When preparing Koicha, a slow and deliberate left-to-right, up-and-down stroke while rotating the bowl slowly 360 degrees will help maintain the syrupy consistency you’re looking for. Your result should be thick, smooth and without bubbles or froth.
For the most authentic, full-sensory experience, sip mindfully, directly from the bowl.
Like any practice, preparing the perfect cup of matcha takes time and patience. If something is still not quite right with your tea after your first attempt, take note of the three most common factors that cause issues for novices:
Temp too hot scorches the powder = bitter matcha
Matcha too watery or too flavoral for your palate? The water to matcha ratio is definitely something you should look at. As a reference, most people enjoy 1g per 80ml/2.7oz or 2g per 120ml, but the amount is totally up to your taste.

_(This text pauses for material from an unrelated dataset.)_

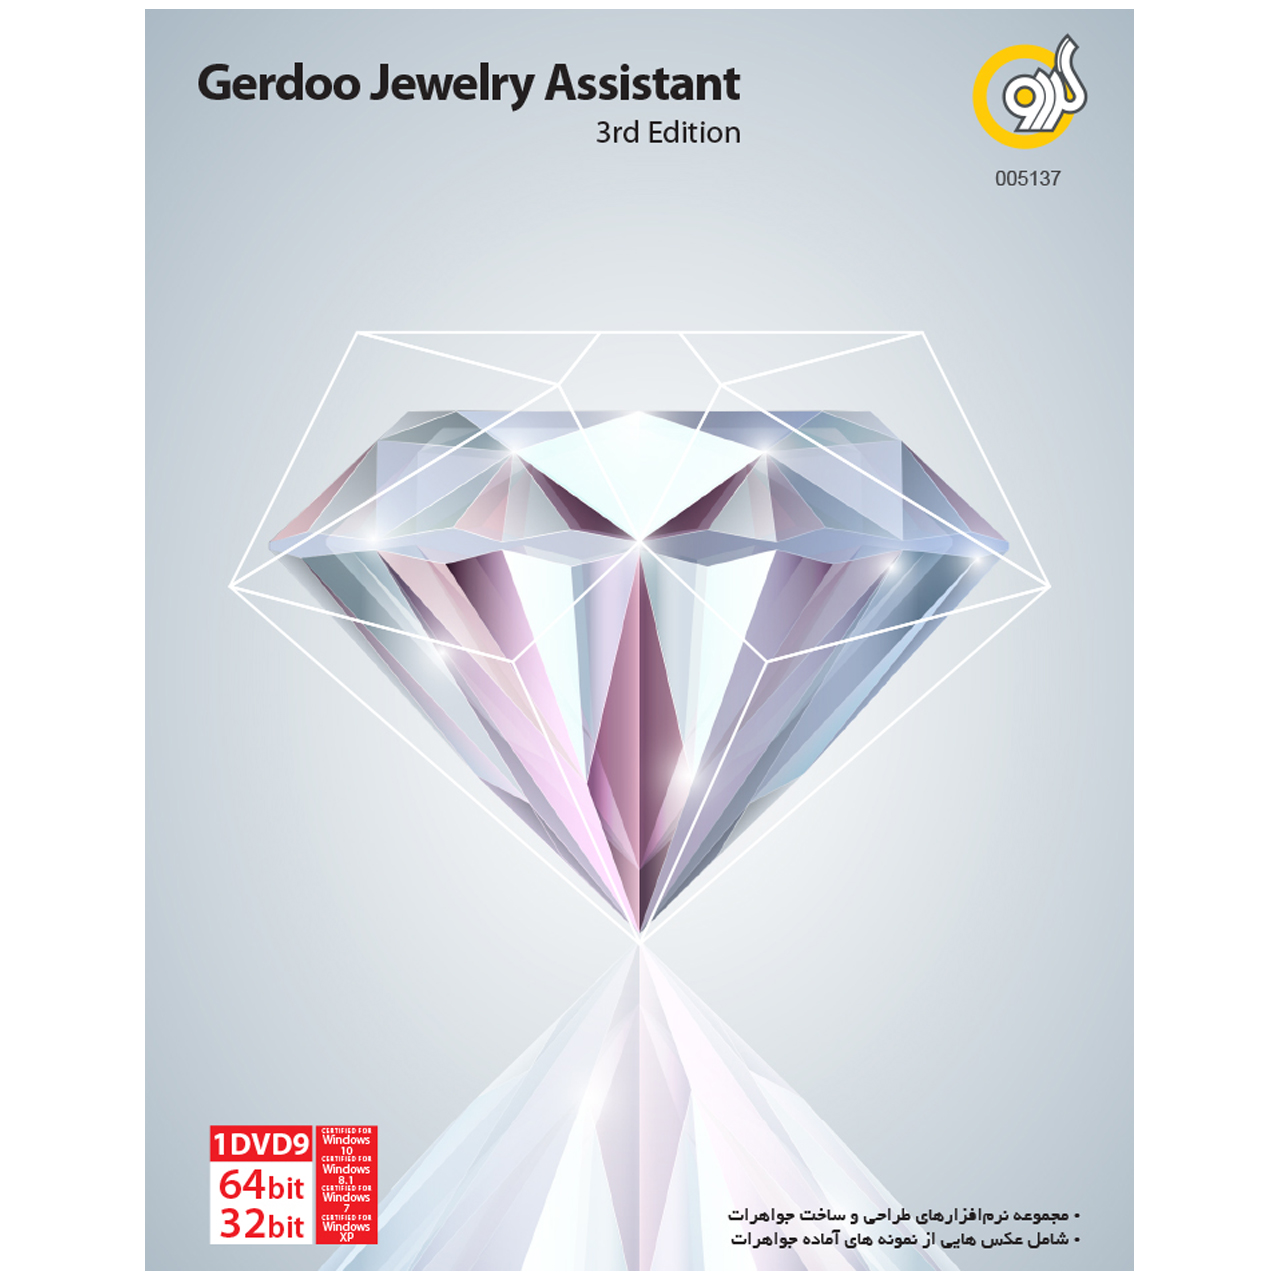 نرم افزار گردو Jewelry Assistant 3rd Edition

You can experiment with amounts to find your perfect dosage and determine whether you lean more towards a Koicha or Usucha flavor profile.
Arguably the most gratifying part of the matcha-drinking experience is the thick layer, frothy layer that forms at the surface of the tea as a result of the whisking process. It creates a unique and satisfying texture that is second to none when it comes to tea consumption.
If you notice that you’re not quite nailing the consistency of the froth, make sure there is no liquid revealed under the layer of foam. Additionally, if there are still big bubbles remaining visible on the surface of the tea, continue to whisk until you’ve achieved the perfect consistency and foamy top layer.